Extracted records:

■ ■ ■ ■ ■

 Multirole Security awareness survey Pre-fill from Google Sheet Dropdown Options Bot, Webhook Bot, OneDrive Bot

■ ■ ■ ■ ■

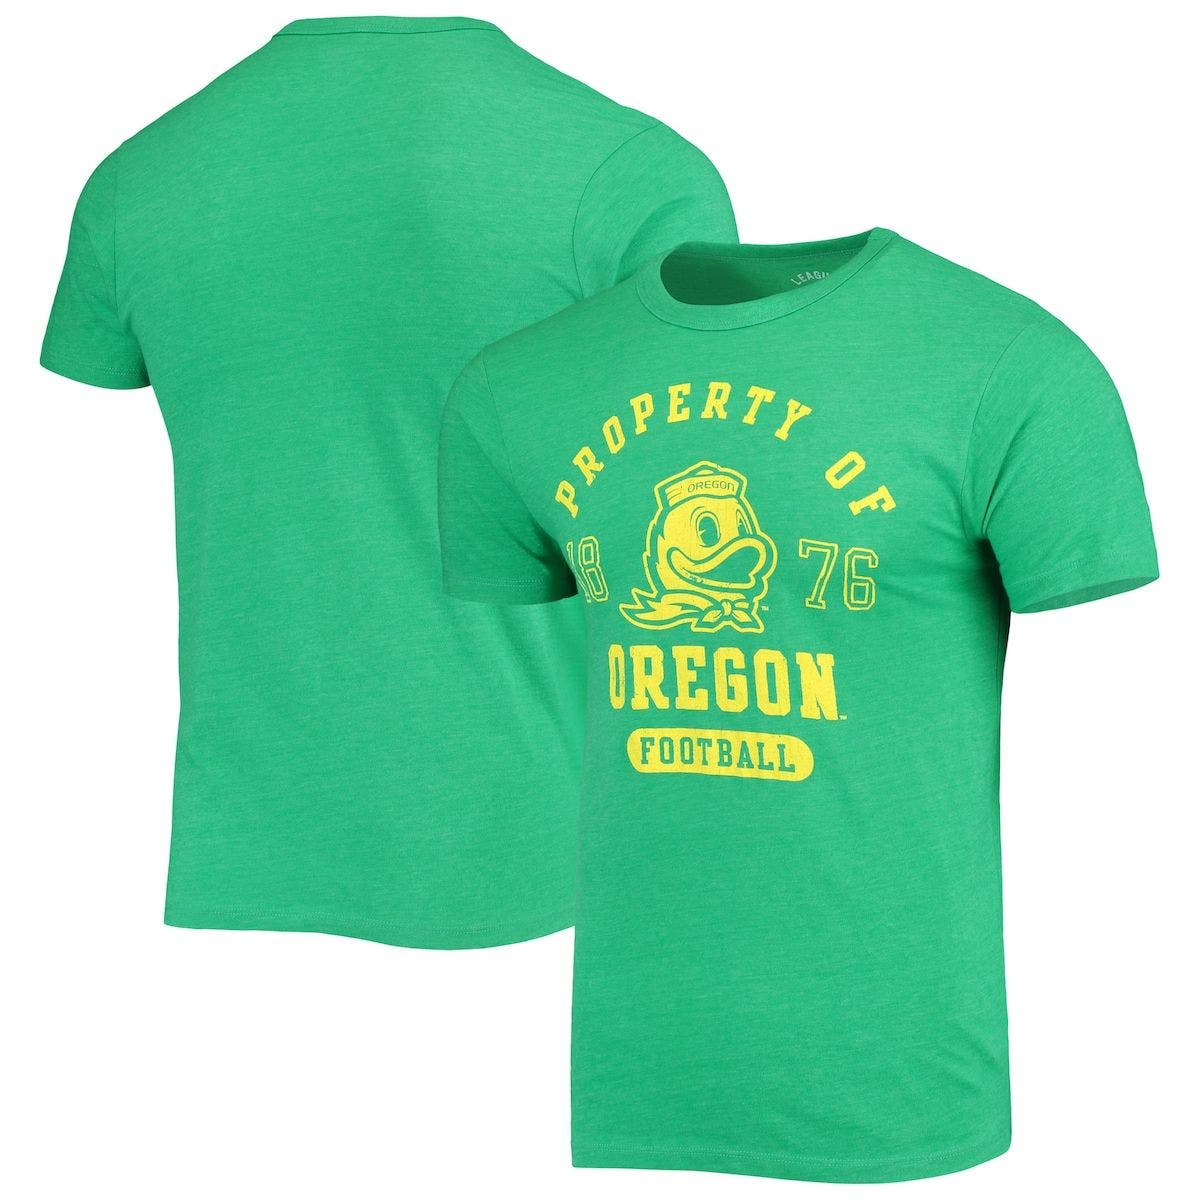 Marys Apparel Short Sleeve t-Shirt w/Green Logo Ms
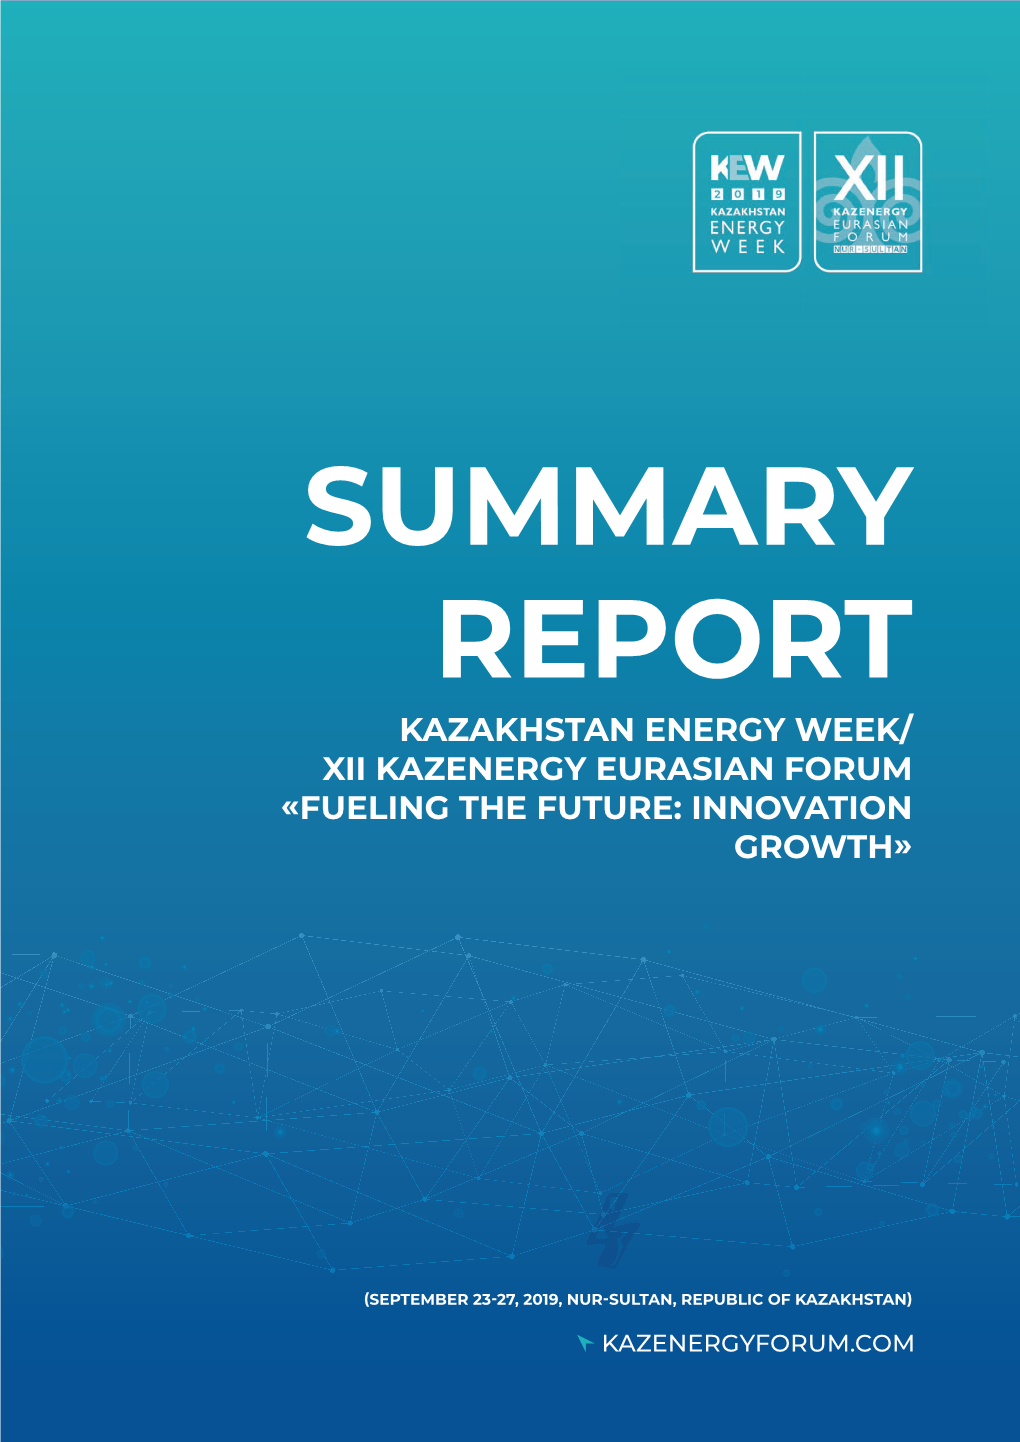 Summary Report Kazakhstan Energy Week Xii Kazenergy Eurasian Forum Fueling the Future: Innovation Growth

■ ■ ■ ■ ■

Action item: Give again the lines of the listing above that run from the one with "Marys Apparel Short" up to and including the one with "Summary Report Kazakhstan". Keep them exact and omit the pictures.

Answer:
 Marys Apparel Short Sleeve t-Shirt w/Green Logo Ms
 Summary Report Kazakhstan Energy Week Xii Kazenergy Eurasian Forum Fueling the Future: Innovation Growth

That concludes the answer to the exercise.